Руку Ману все же дала — так, по-птичьи, сунула в протянутую твердую ладонь ледяные, как смерть, пальцы. И увидела то, что хотел показать рыжебородый мужчина.
Оно витало в паре метров над землей. Невидимое многим — кроме, разве что, странной пары нарядных людей около могильной плиты, да совы, сидящей на ближайшей сосне. Оно было нелепое. Грязное. Заблудившееся. Отчаявшееся. Жалкое. Не имеющее
— Que es… — прошептала Ману, не в силах сдвинуться с места. — Не говори, что ты не колдун, Антонио…

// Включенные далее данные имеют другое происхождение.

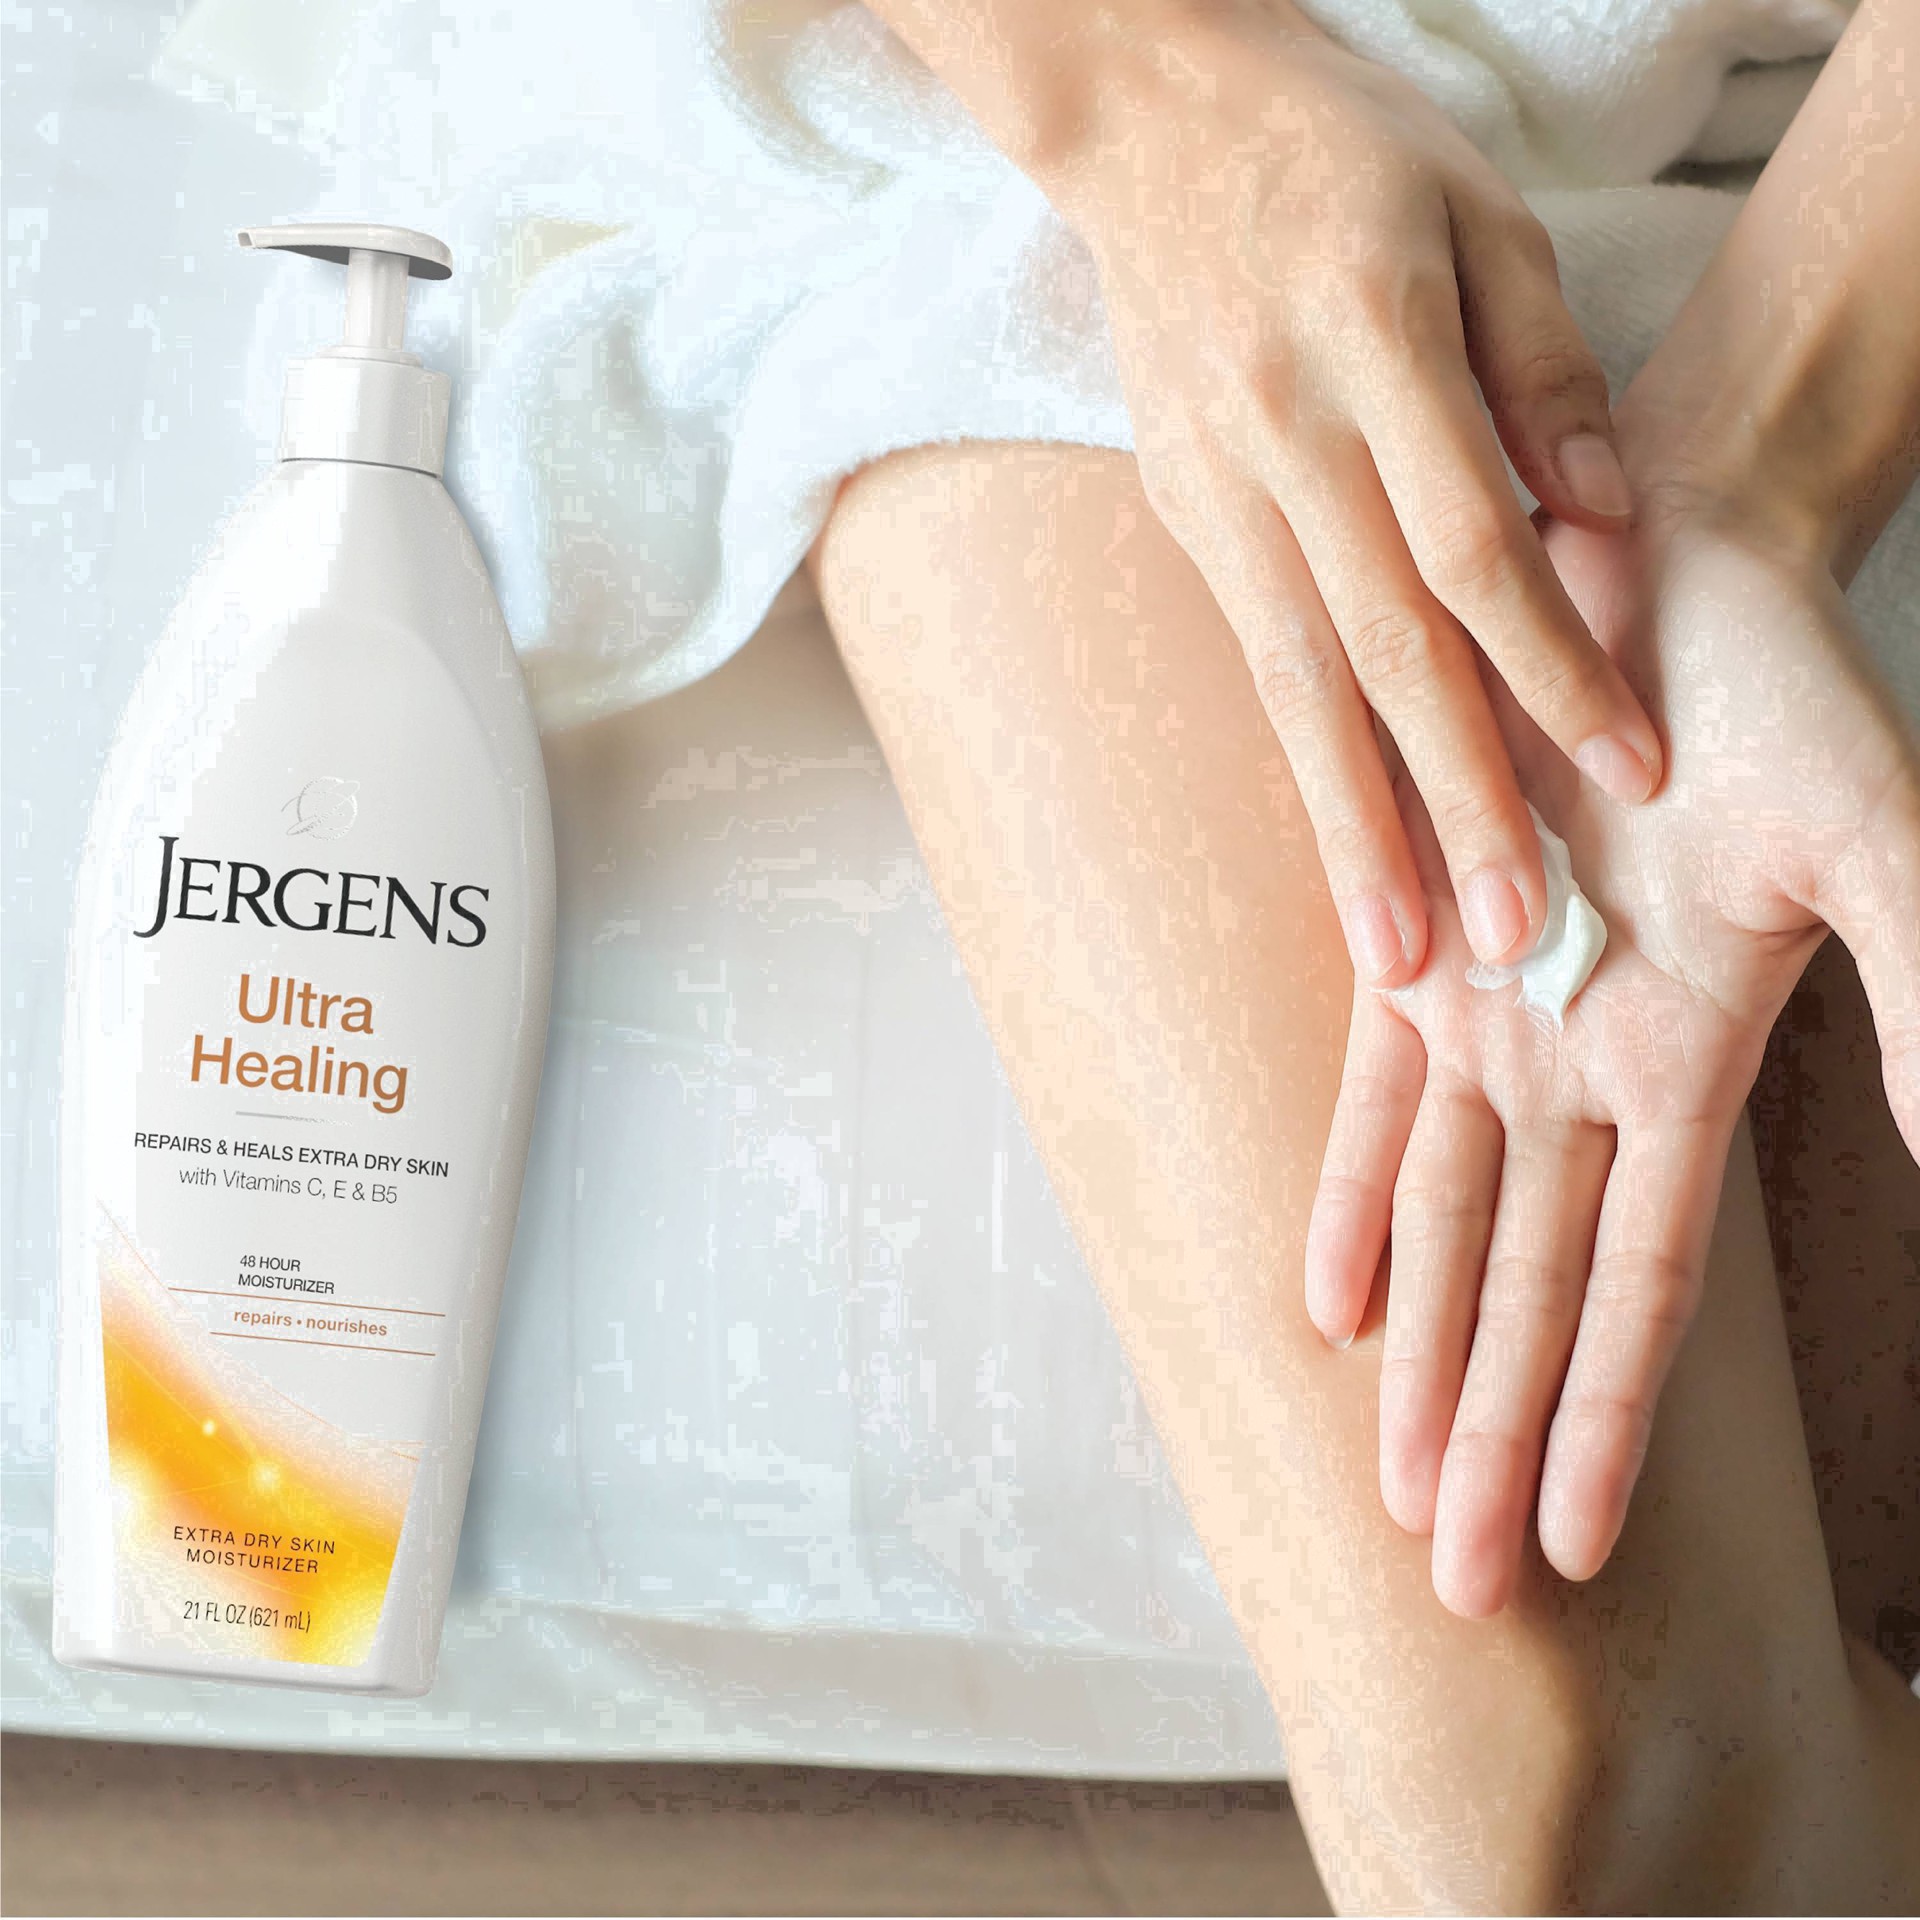 slide 23 of 67, Jergens Hand and Body Lotion, Dry Skin Moisturizer with Vitamins C,E, and B5, 21 fl oz

Прим. авт.: Что это… (исп.)
Лозинский готов был надавать себе пощечин за то, что добавил к ее страхам такое зрелище, но лекарства бывают горькими, и только!
— Самоубийца. — Прошептал он. — Смотри, девочка. Ты ведь крещена по христианскому обряду?.. Ты католичка? Ну, все одно. Так забудь о благородной смерти с петлей вокруг шеи и душой, отданной силам зла. Судить будет Он, а не демоны или боги Шибальбы, чье время прошло. Даже если ты умрешь там, на земле, где их тени до сих пор могут покидать свой темный мир и пересекаться с миром живых. Оглянись.
Она подчинилась. Такие же сгустки непонятной материи — без плоти и подобия жизни, — можно было рассмотреть в белой мутной круговерти подступающего ночного снегопада. Не прощенные. Не упокоенные. Лишившие себя жизни в угаре слабости, пьяных слезах, приступе эгоизма по отношению к близким, в исступлении в ожидании конца света или вечного блаженства, обещанного ловцами человеческих душ. Отмеренная им вечность до окончательного высшего приговора только начиналась…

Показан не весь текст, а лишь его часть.